The early 1880s saw a second railroad constructed from the Pontiac area, through Oxford to Port Austin. Known as the Pontiac, Oxford, and Port Austin Railroad, the "P.O. and P.A.", it later became the Pontiac, Oxford, and Northern (the "P.O. and N."), and finally the Grand Trunk Western Railroad. With the expansion of the second rail line through town, it now became possible to travel to the tip of Michigan's thumb in one day. By 1900, a third, all electric powered passenger rail line known as the Detroit United Railway (D.U.R.) was extended through Oxford from Detroit to Flint and was noted for maintaining limited cars daily, both north and southbound. Over the years, the D.U.R. was involved in many collisions with automobiles, often resulting in death or injury to those whose automobiles tangled with the interurban cars at grade crossings. As automobile transportation became more reliable and roads improved, a growing percentage of the populace chose to travel by these means, forcing the demise of the D.U.R. in 1931.

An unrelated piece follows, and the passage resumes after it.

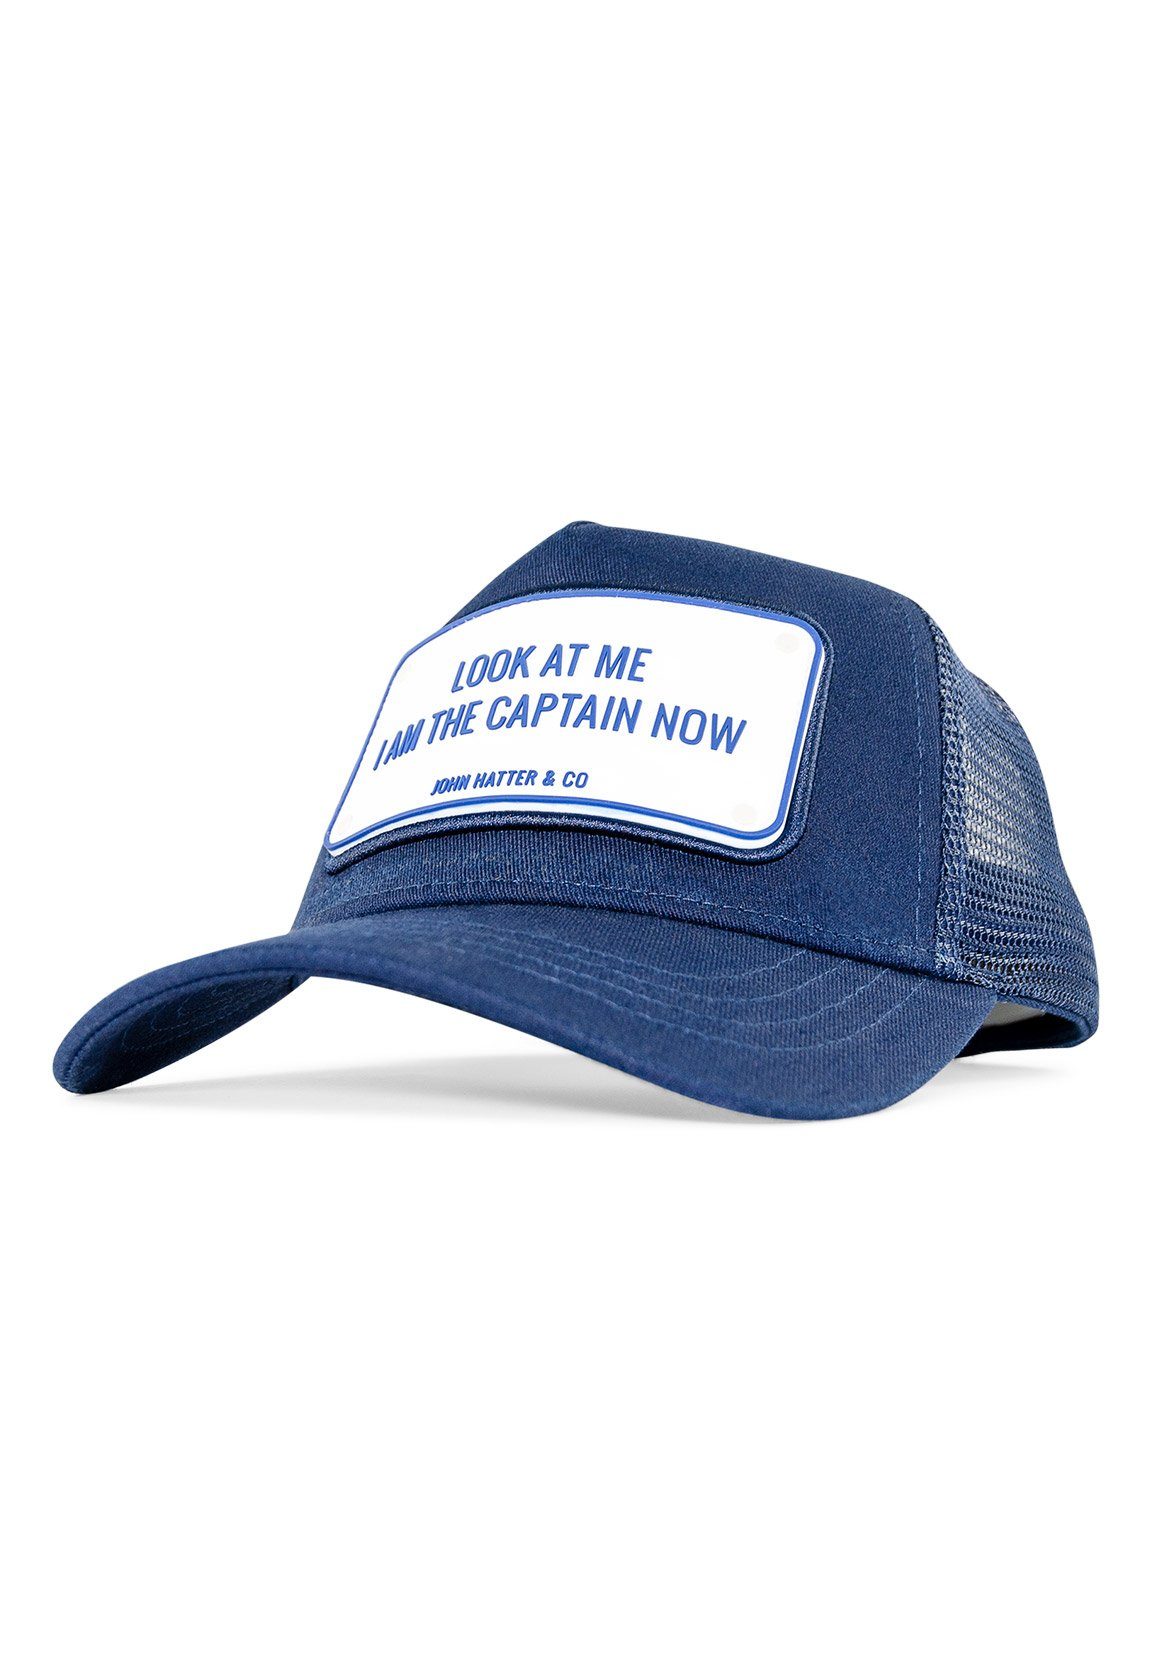 John Hatter & Co. Trucker Cap John Hatter & Co Trucker Cap LOOK AT ME I AM THE CAPTAIN NOW Rubber

On November 30, 2021, a mass shooting occurred at Oxford High School. Four students were killed, and eight other people were injured. The suspected shooter is a 15-year-old sophomore student who was taken into custody. His parents were charged on December 3 with involuntary manslaughter for failing to secure the handgun used in the shooting.

==Geography==
According to the United States Census Bureau, the township has a total area of 35.2 sqmi, of which 33.9 sqmi is land and 1.3 sqmi, or 3.78%, is water.

==Demographics==
As of the census of 2000, there were 16,025 people, 5,787 households, and 4,317 families residing in the township. The population density was 472.9 PD/sqmi. There were 6,151 housing units at an average density of 181.5 /sqmi. The racial makeup of the township was 96.83% White, 0.45% African American, 0.26% Native American, 0.51% Asian, 0.02% Pacific Islander, 0.62% from other races, and 1.31% from two or more races. Hispanic or Latino of any race were 2.19% of the population.

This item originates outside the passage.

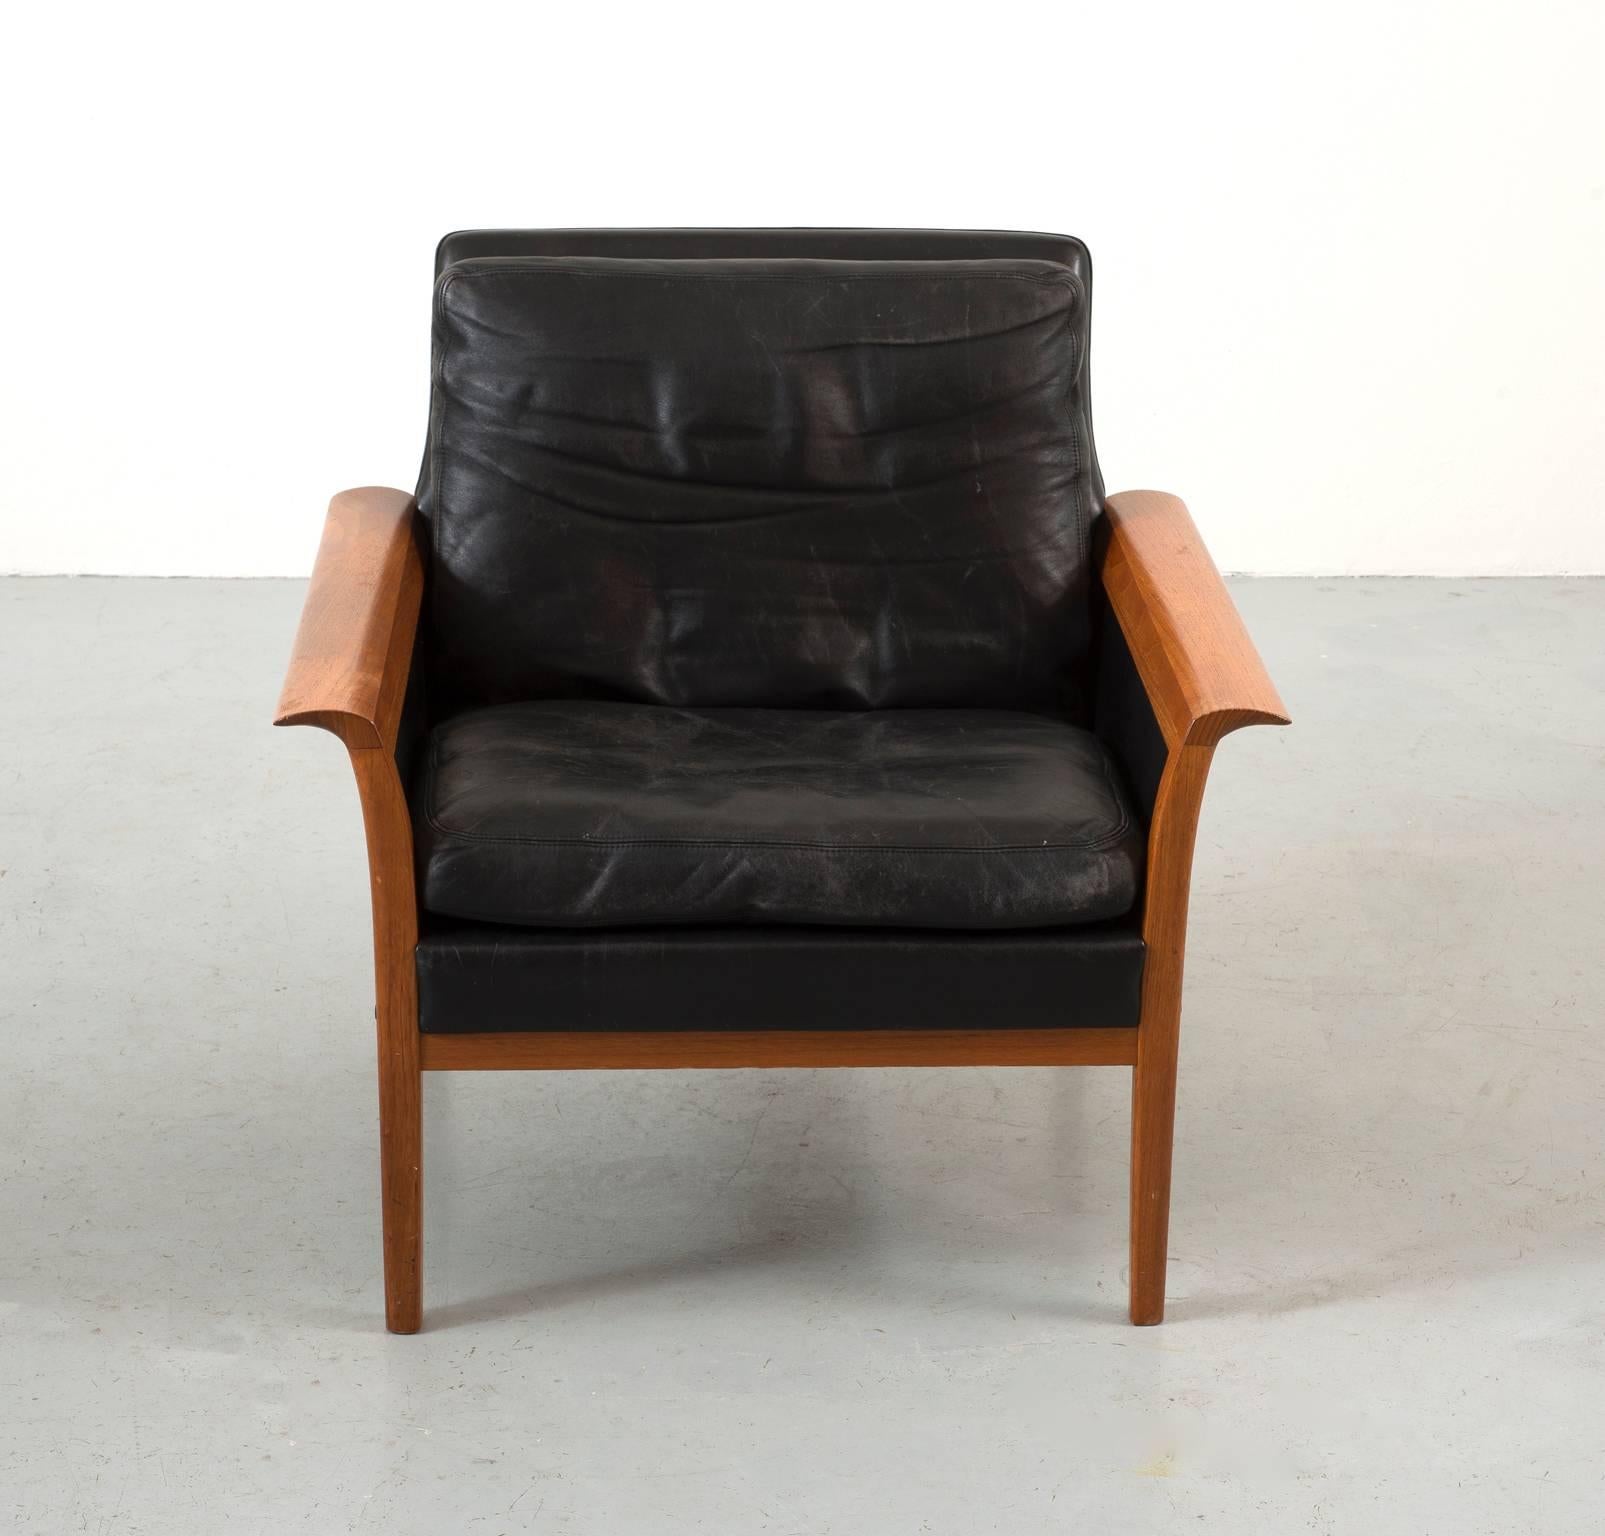 Teak and leather lounge chair by Hans Olsen, Denmark, 1960s.

There were 5,787 households, out of which 40.6% had children under the age of 18 living with them, 62.7% were married couples living together, 8.8% had a female householder with no husband present, and 25.4% were non-families. 20.7% of all households were made up of individuals, and 6.3% had someone living alone who was 65 years of age or older. The average household size was 2.75 and the average family size was 3.21.

In the township the population was spread out, with 29.2% under the age of 18, 6.9% from 18 to 24, 35.0% from 25 to 44, 21.5% from 45 to 64, and 7.3% who were 65 years of age or older. The median age was 34 years. For every 100 females, there were 97.3 males. For every 100 females age 18 and over, there were 93.9 males.

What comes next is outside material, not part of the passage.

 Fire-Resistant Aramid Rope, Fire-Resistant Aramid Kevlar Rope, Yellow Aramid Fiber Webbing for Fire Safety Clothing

The median income for a household in the township was $63,494, and the median income for a family was $75,216. Males had a median income of $52,083 versus $32,258 for females. The per capita income for the township was $26,601. About 2.1% of families and 4.3% of the population were below the poverty line, including 3.9% of those under age 18 and 7.6% of those age 65 and over.

==Notable people==
One of the most recognizable voices throughout the nation in the 1940s and 1950s was that of Brace Beemer, the radio voice of the Lone Ranger. Beemer lived in Oxford Township on a 300-acre ranch on Drahner Road. There is a street named for him in the southwest part of the township, where he lived. His collection of Lone Ranger items is on display in the Northeast Oakland Historical Museum in Oxford.

==Education==
Most of Oxford Township is in Oxford Community Schools, while a section to the south is zoned to Lake Orion Community Schools. The former's zoned high school is Oxford High School while the latter's high school is Lake Orion High School.